Pitfalls during the training process:
Phenomenon: Gradient nan
Possible reasons: serious weight attenuation and small weight coefficient, resulting in too small gradients, exceeding the storage range of Apex, the pytorch acceleration artifact, resulting in rounding errors.
Phenomenon: The loss has always been high, and the recall rate has been very low
. Reason: The initial learning rate is set too high.
Why does the learning rate have such a big impact on model convergence? First, let’s sort out the network parameter update process.
Pytorch model parameter update process:
1. Obtain loss through the error between the network forward output and the real label.
2. Complete the back propagation of the error through loss.backward(), and complete the automatic derivation through the internal mechanism of pytorch to obtain the gradient W_grad of each parameter.

if mixed_precision:
				with amp.scale_loss(loss, optimizer) as scaled_loss:
					scaled_loss.backward()
			else:
				loss.backward()

In a normal program, after obtaining the gradient, the optimization algorithm is started and the weights are updated. But in yolov5, the gradient accumulation trick is used, that is,

if ni % accumulate == 0:
				optimizer.step()
				optimizer.zero_grad()

That is, after calculating the gradient, the optimization algorithm is not started immediately, but the loss is calculated for the next batch, and then the gradient of this batch is calculated based on the original gradient, thus realizing the accumulation of the gradients of multiple batches into one Gradient, based on this accumulated gradient, the model parameters are updated, thus completing a model iteration.
3. Update the model parameters through the optimization algorithm.
① Optimization process:
The general formula of the optimization algorithm is:
W_data=W_data+W_grad*lr
, where W_data is the model parameter, W_grad is the parameter gradient, and lr is the learning rate.

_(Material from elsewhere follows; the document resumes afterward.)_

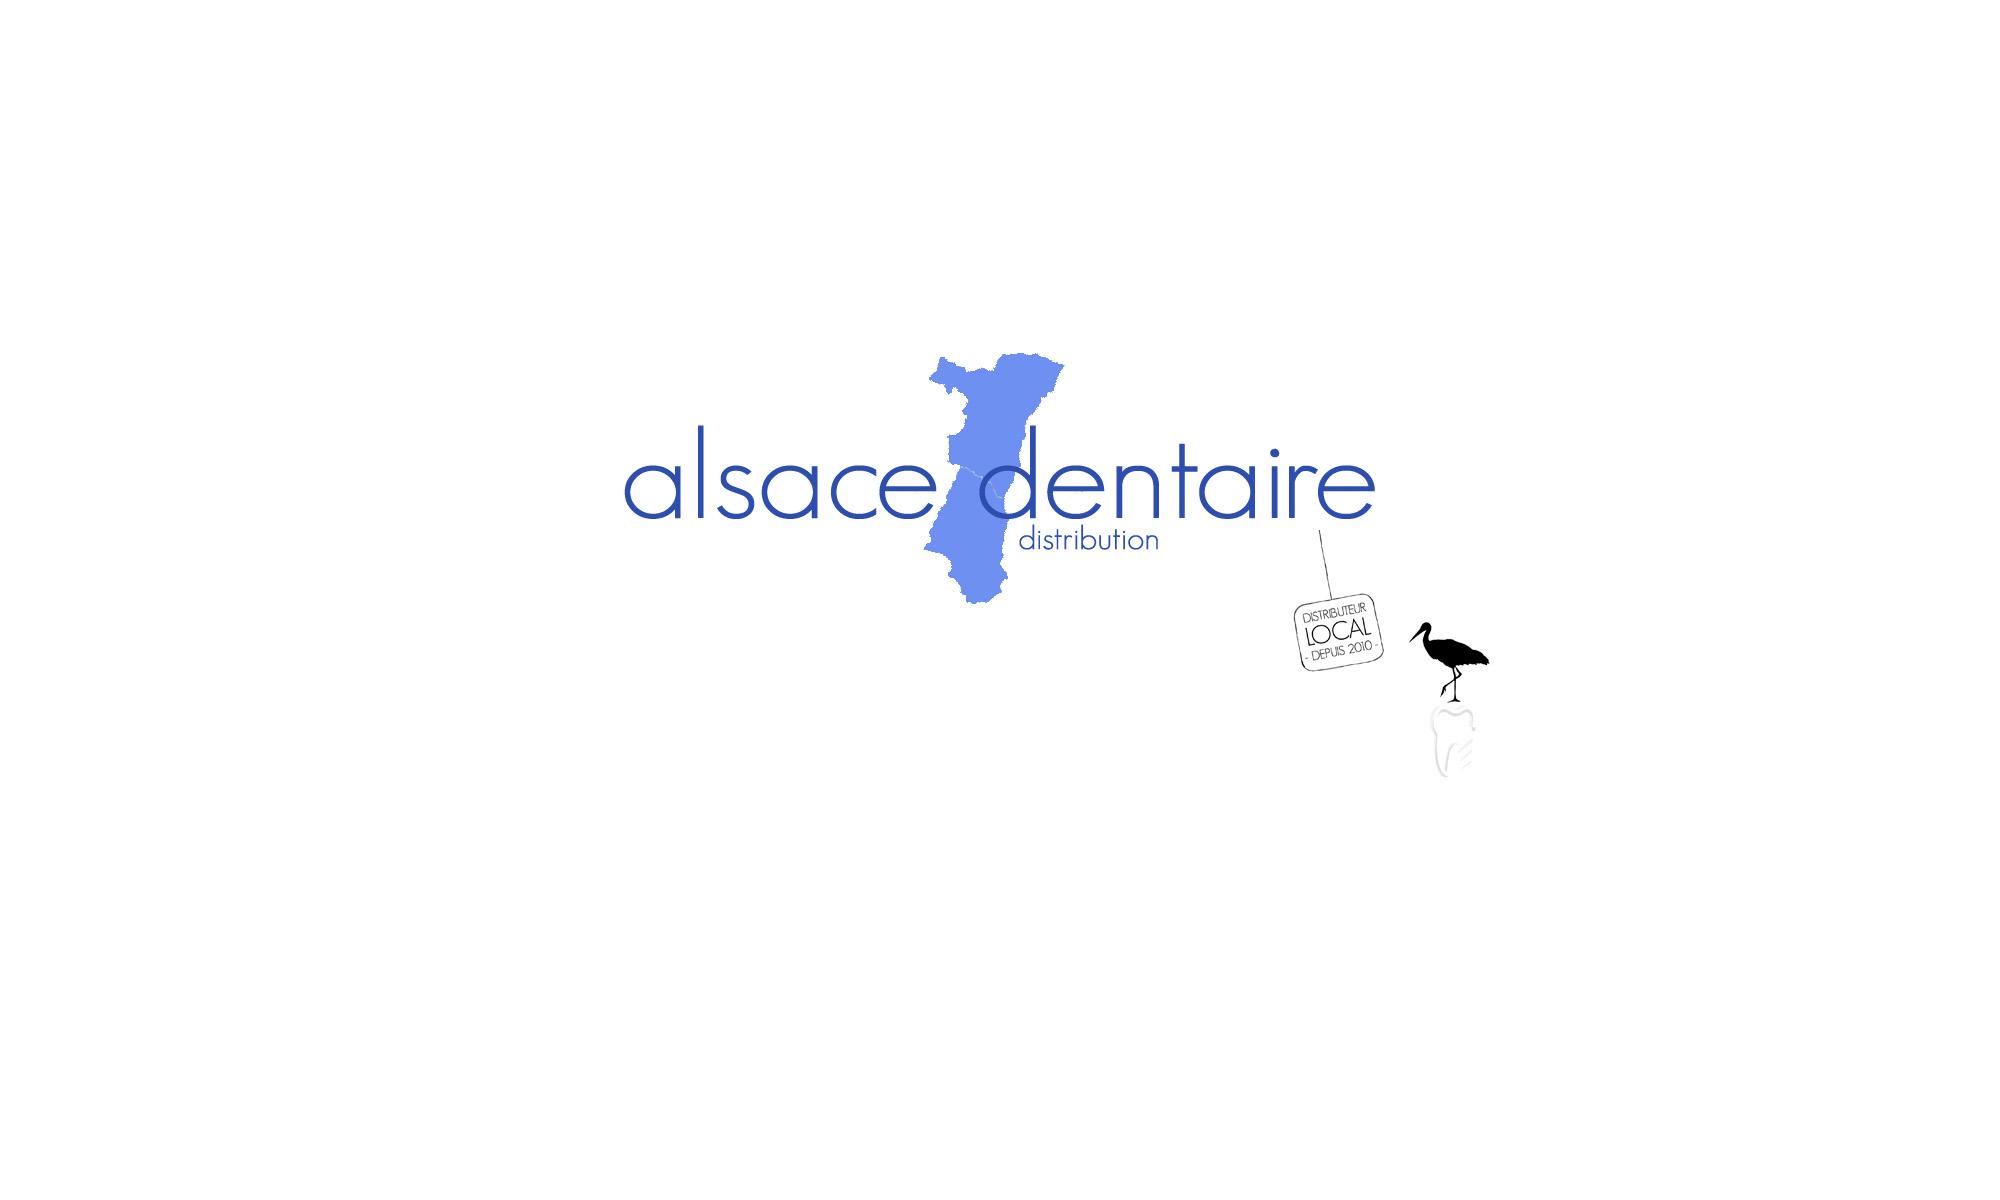 Alsace Dentaire Distribution

optimizer = optim.SGD(pg0, lr=hyp['lr0'], momentum=hyp['momentum'], nesterov=True)

In the pytorch framework, general optimization algorithms will perform L2 regularization weight attenuation processing on model parameters. After weight attenuation processing, the output weight will become smaller in order to prevent overfitting.

@torch.no_grad()
    def step(self, closure=None):
        """Performs a single optimization step.

        Arguments:
            closure (callable, optional): A closure that reevaluates the model
                and returns the loss.
        """
        loss = None
        if closure is not None:
            with torch.enable_grad():
                loss = closure()

        for group in self.param_groups:
            weight_decay = group['weight_decay']
            momentum = group['momentum']
            dampening = group['dampening']
            nesterov = group['nesterov']

            for p in group['params']:
                if p.grad is None:
                    continue
                d_p = p.grad
                if weight_decay != 0:
                    d_p = d_p.add(p, alpha=weight_decay)  #权值L2正则化衰减
                if momentum != 0:
                    param_state = self.state[p]
                    if 'momentum_buffer' not in param_state:
                        buf = param_state['momentum_buffer'] = torch.clone(d_p).detach()
                    else:
                        buf = param_state['momentum_buffer']
                        buf.mul_(momentum).add_(d_p, alpha=1 - dampening)
                    if nesterov:
                        d_p = d_p.add(buf, alpha=momentum)
                    else:
                        d_p = buf

                p.add_(d_p, alpha=-group['lr'])  #权值更新

        return loss

② Model parameter update:

optimizer.step()

③ Return the gradient to zero.

optimizer.zero_grad()

A gradient updates the model once, and the next round of model updates requires the next round of newly calculated gradients.
4. Mean processing of updated model parameters

ema = torch_utils.ModelEMA(model) if rank in [-1, 0] else None

ema.update(model)

Several ways to optimize the learning rate:
① Warmup
can make the learning rate smaller in the first few epochs or steps of training. Under the small preheating learning rate, the model can slowly become stable. After the model is relatively stable, Then select the preset learning rate for training, so that the model converges faster and the model effect is better.
It helps to slow down the early over-fitting of the mini-batch in the initial stage of the model, maintains the stability of the distribution,
and helps maintain the stability of the deep layers of the model.

if ni <= nw:
				xi = [0, nw]  # x interp
				# model.gr = np.interp(ni, xi, [0.0, 1.0])  # giou loss ratio (obj_loss = 1.0 or giou)
				accumulate = max(1, np.interp(ni, xi, [1, nbs / total_batch_size]).round())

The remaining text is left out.